Maruti Suzuki India Limited’s board has approved the acquisition of land at Khoraj Industrial Estate from the Gujarat Industrial Development Corporation to expand its fully utilized production capacity. The planned capacity addition is up to 1 million units annually, on top of the current capability of about 2.6 million units, with Rs 4,960 crore earmarked for land acquisition, development and preparatory activities, to be financed through a mix of internal accruals and external borrowings; detailed phasing, timelines and total investment for the new capacity will be finalized later, and the move is aimed at meeting growing market demand, including exports.
Maruti Suzuki India Limited has notified stock exchanges that it will hold a series of meetings with investor groups on 5, 6 and 7 January 2026, in line with regulatory disclosure requirements. The scheduled interactions underscore the company’s ongoing engagement with the investment community, providing a forum for dialogue that can influence market perceptions and support transparency around its business and strategic outlook.
Maruti Suzuki India Limited has disclosed that it received an adjudication order from the West Bengal GST Authority relating to the availment of GST credit for the period from April 2018 to March 2023. The order raises a tax demand of Rs 4.33 million along with an equivalent penalty of Rs 4.33 million, but the company has stated that this will not have any major impact on its financial, operational or other activities, and it plans to challenge the order by filing an appeal with the first appellate authority.
Maruti Suzuki India Limited has informed the exchanges about the ongoing legal proceedings related to the adjourned hearings before the National Company Law Appellate Tribunal (NCLAT). These repeated adjournments, spanning several years, continue to delay resolution of the matter, which could have implications for the company’s regulatory standing and operational focus.
Maruti Suzuki India Limited has announced a significant step towards electric mobility by launching a comprehensive digital platform for electric vehicle (EV) charging. The company has partnered with 13 leading Charge Point Operators to create a seamless charging experience across India, with plans to establish over 100,000 public charging points by 2030. This initiative marks Maruti Suzuki’s commitment to enhancing customer confidence in EVs and aligns with its global vision to expand its electric vehicle offerings.
Maruti Suzuki India Limited has announced the completion of the amalgamation of its wholly-owned subsidiary, Suzuki Motor Gujarat Private Limited, into the parent company. This strategic move, effective from December 1, 2025, includes an increase in the authorized share capital by INR 150 billion and modifications to the company’s Memorandum of Association. The amalgamation is expected to streamline operations and enhance Maruti Suzuki’s market positioning, providing technical support and specialized after-sales services to customers both in India and abroad.
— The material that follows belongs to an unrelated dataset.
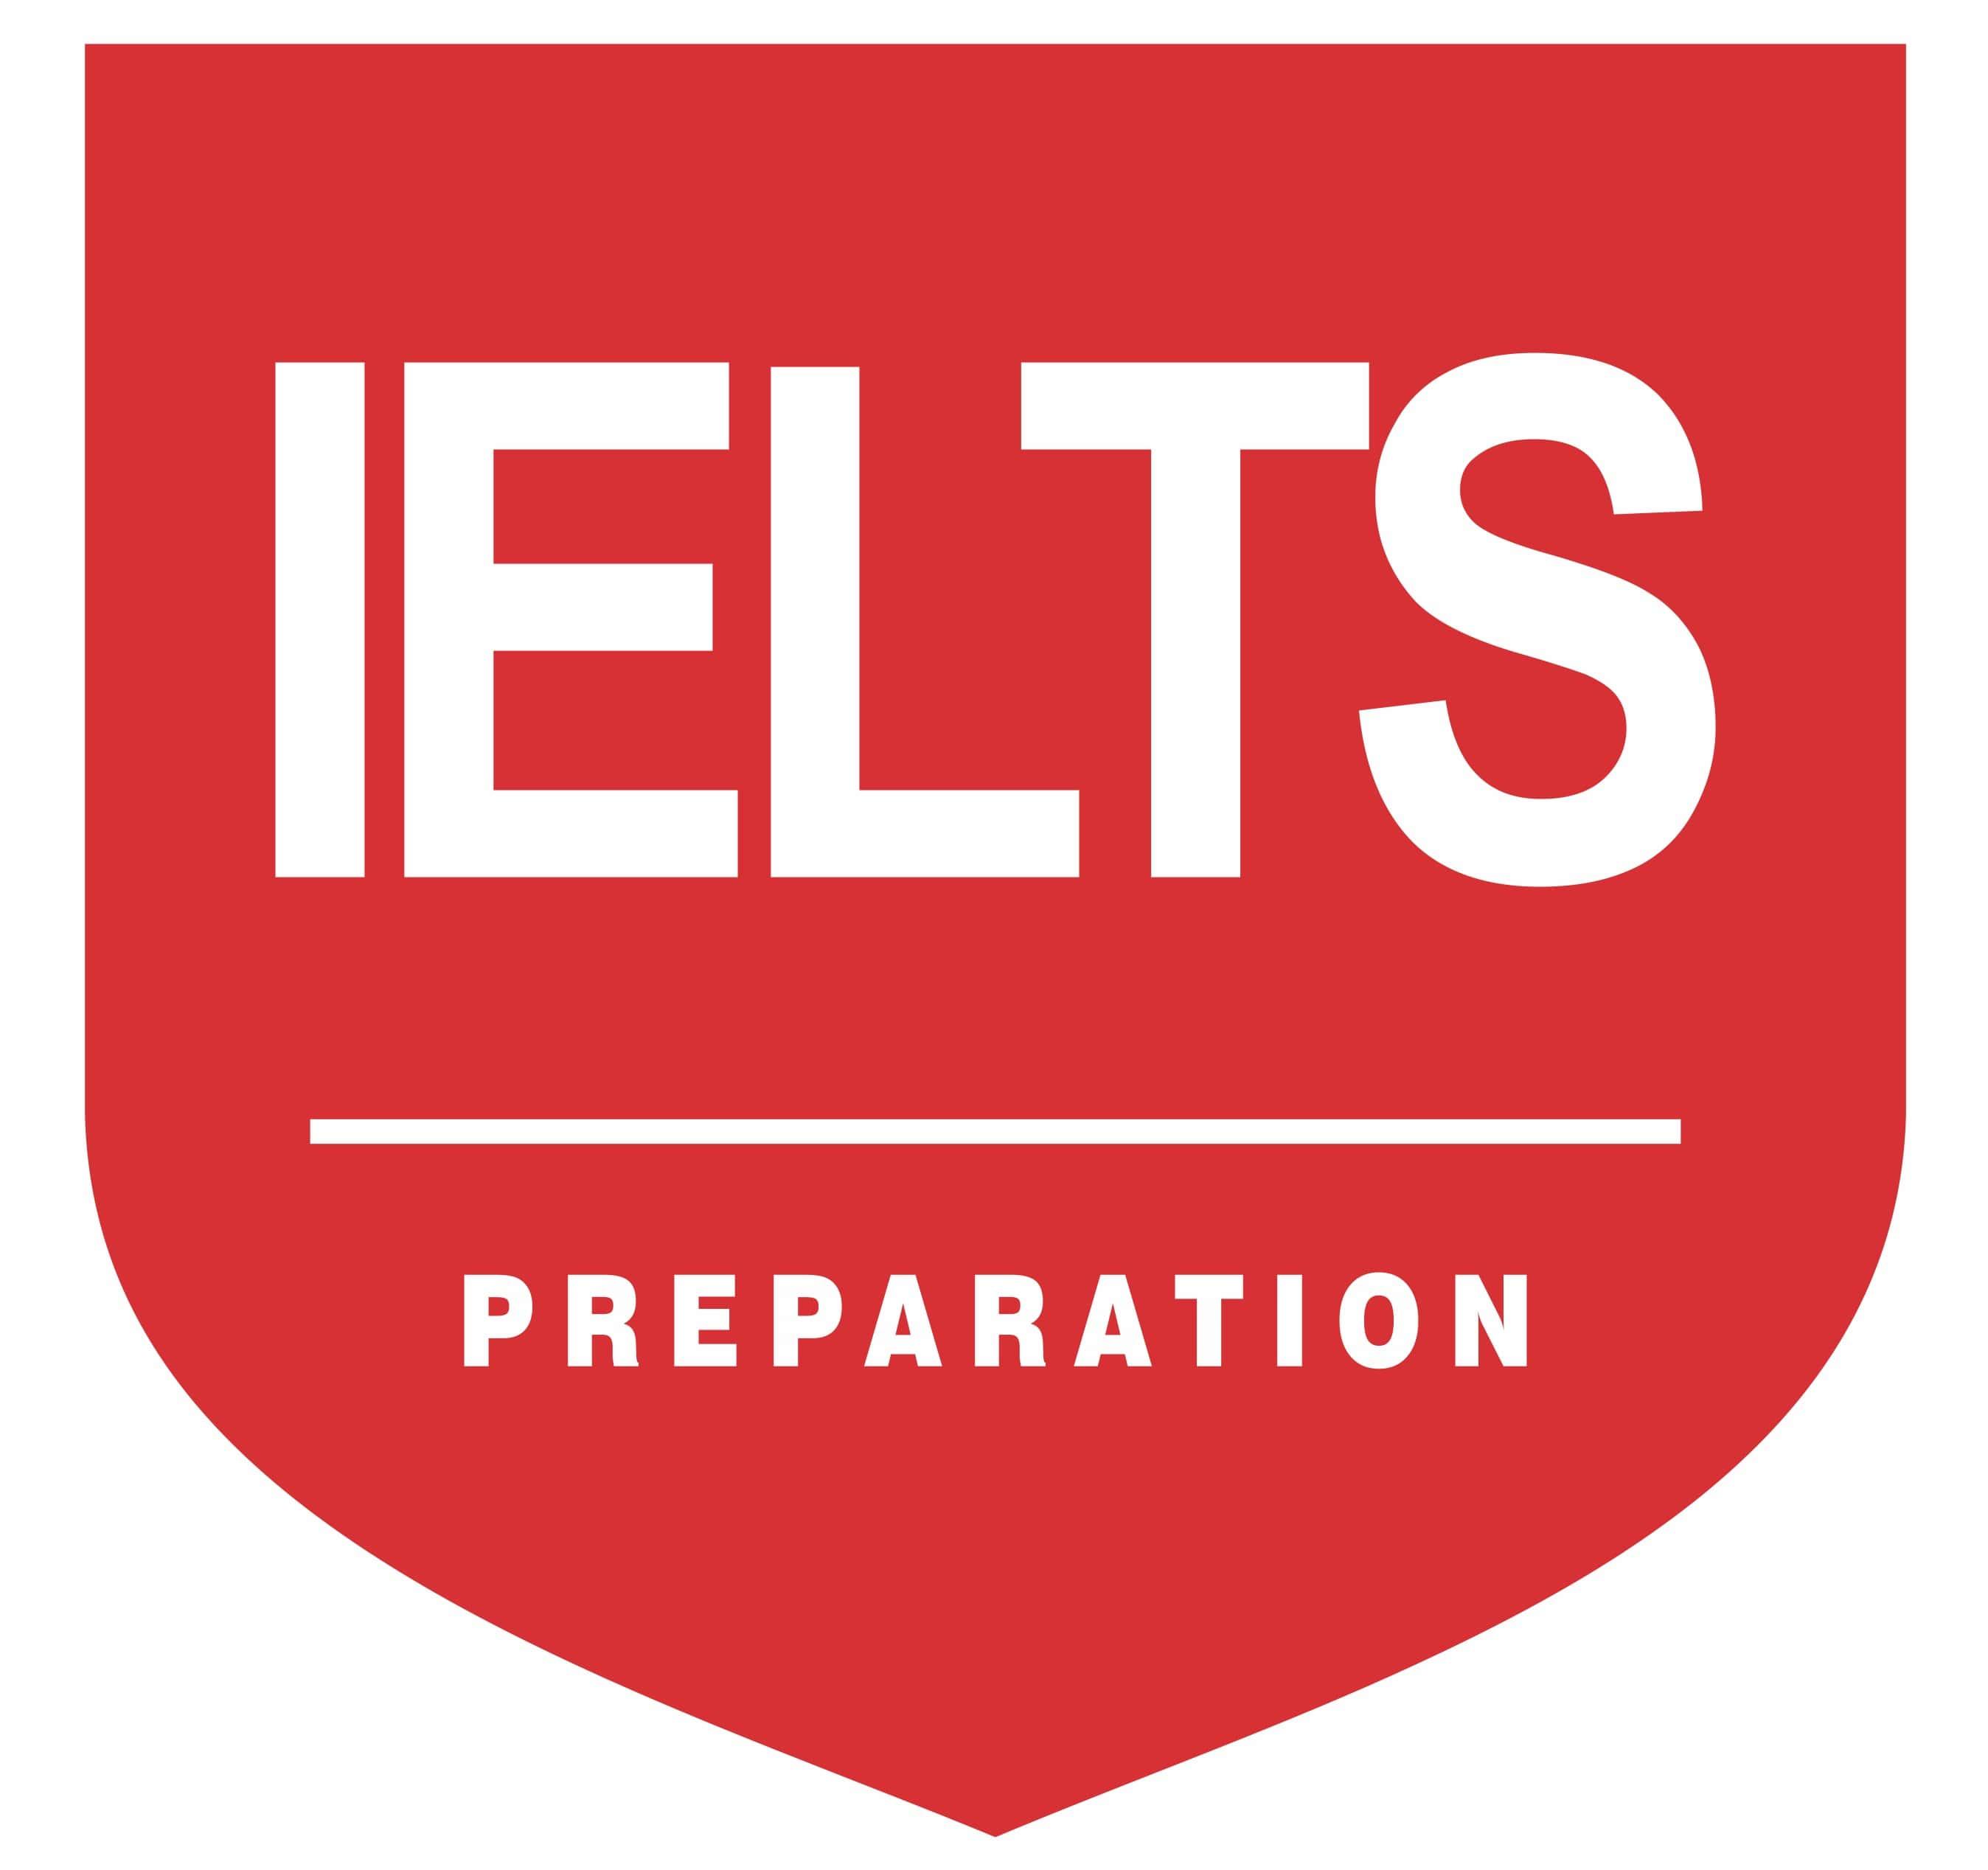 Подготовка за IELTS, ielts preparation, podgotovka ielts, ielts, preparation english

Maruti Suzuki India Limited has received an upgrade in its ESG rating from MSCI ESG Research LLC, moving from a B rating in 2024 to a BB rating in 2025. This improvement in the ESG rating reflects positively on the company’s commitment to environmental, social, and governance practices, potentially enhancing its reputation and appeal among environmentally conscious investors and stakeholders.
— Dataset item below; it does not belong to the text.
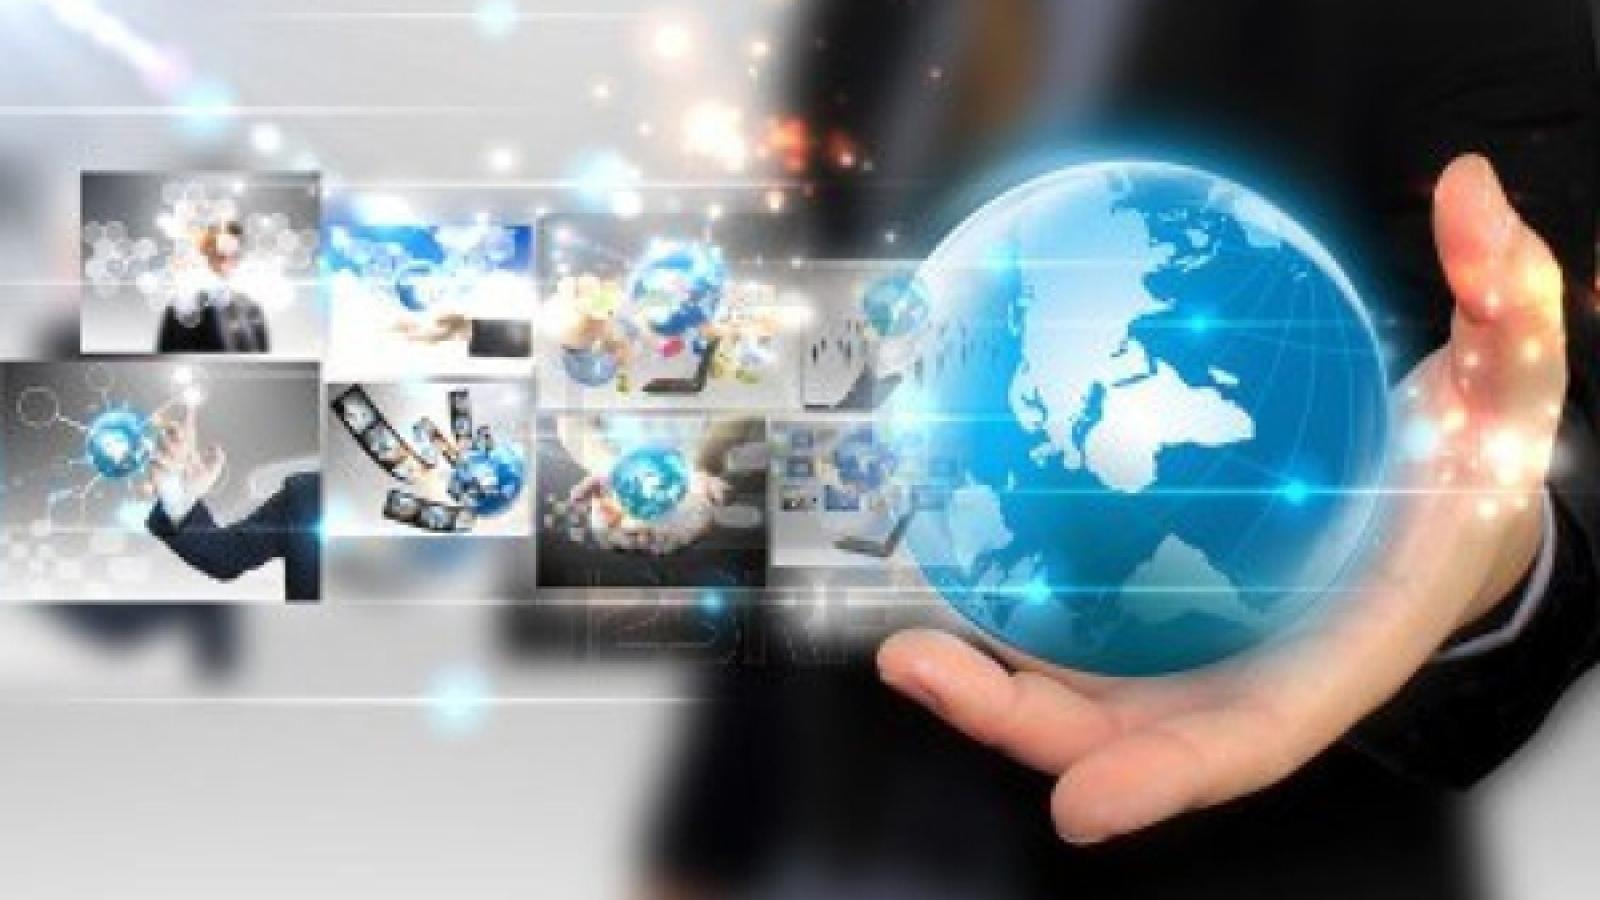 Xu hướng công nghệ đáng chú ý năm 2021

Maruti Suzuki India Limited reported its production volume for October 2025, showing an increase in total passenger vehicle production to 188,624 units from 173,662 units in the previous year. This growth indicates a positive trend in the company’s manufacturing capabilities and market demand, potentially strengthening its position in the automotive industry.